> Task:
Leaving out any pictures, print the entries that follow exactly as they stand.

(Stored items from a collection)
☆ ☆ ☆ ☆ ☆ ☆ ☆

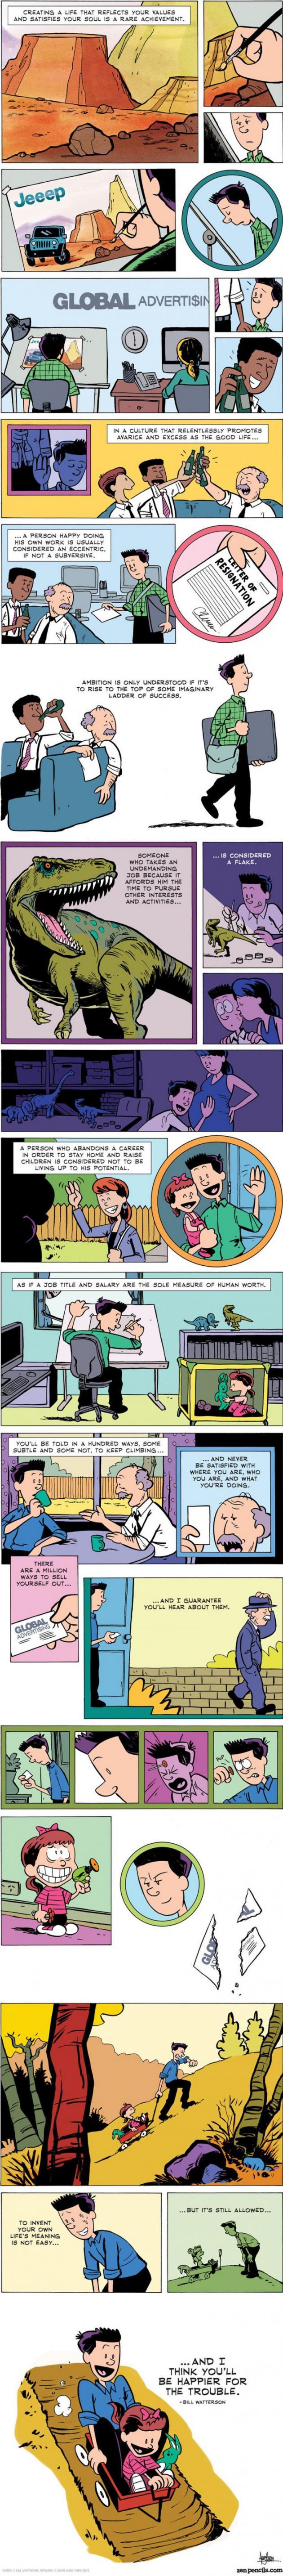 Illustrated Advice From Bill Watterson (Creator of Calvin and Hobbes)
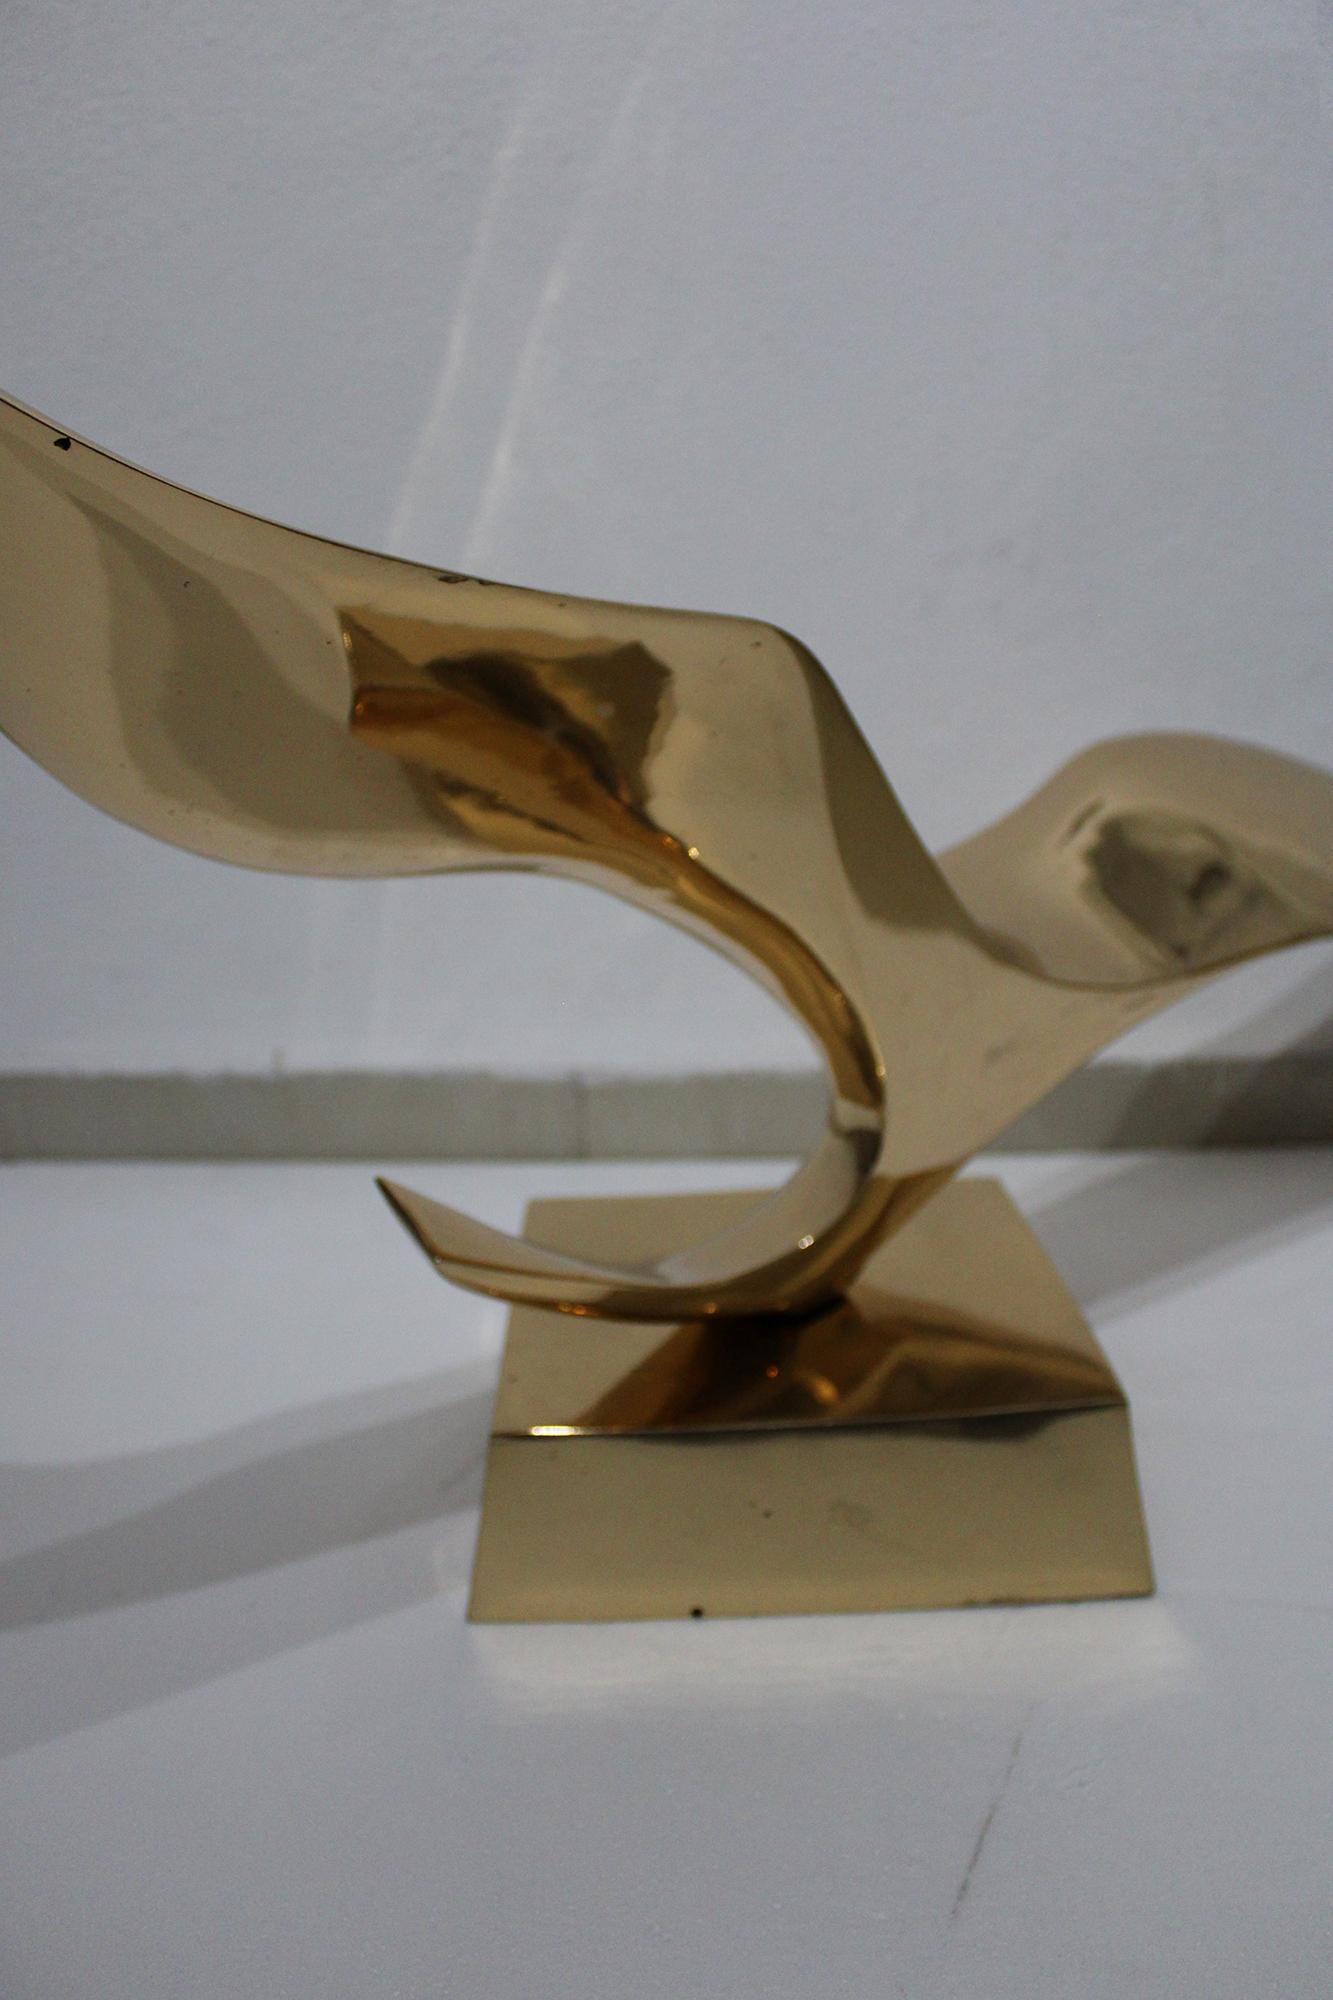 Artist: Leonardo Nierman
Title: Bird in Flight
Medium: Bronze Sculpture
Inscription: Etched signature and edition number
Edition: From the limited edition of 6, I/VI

☆ ☆ ☆ ☆ ☆ ☆ ☆

> Exercise output:
 Illustrated Advice From Bill Watterson (Creator of Calvin and Hobbes)
 Artist: Leonardo Nierman
Title: Bird in Flight
Medium: Bronze Sculpture
Inscription: Etched signature and edition number
Edition: From the limited edition of 6, I/VI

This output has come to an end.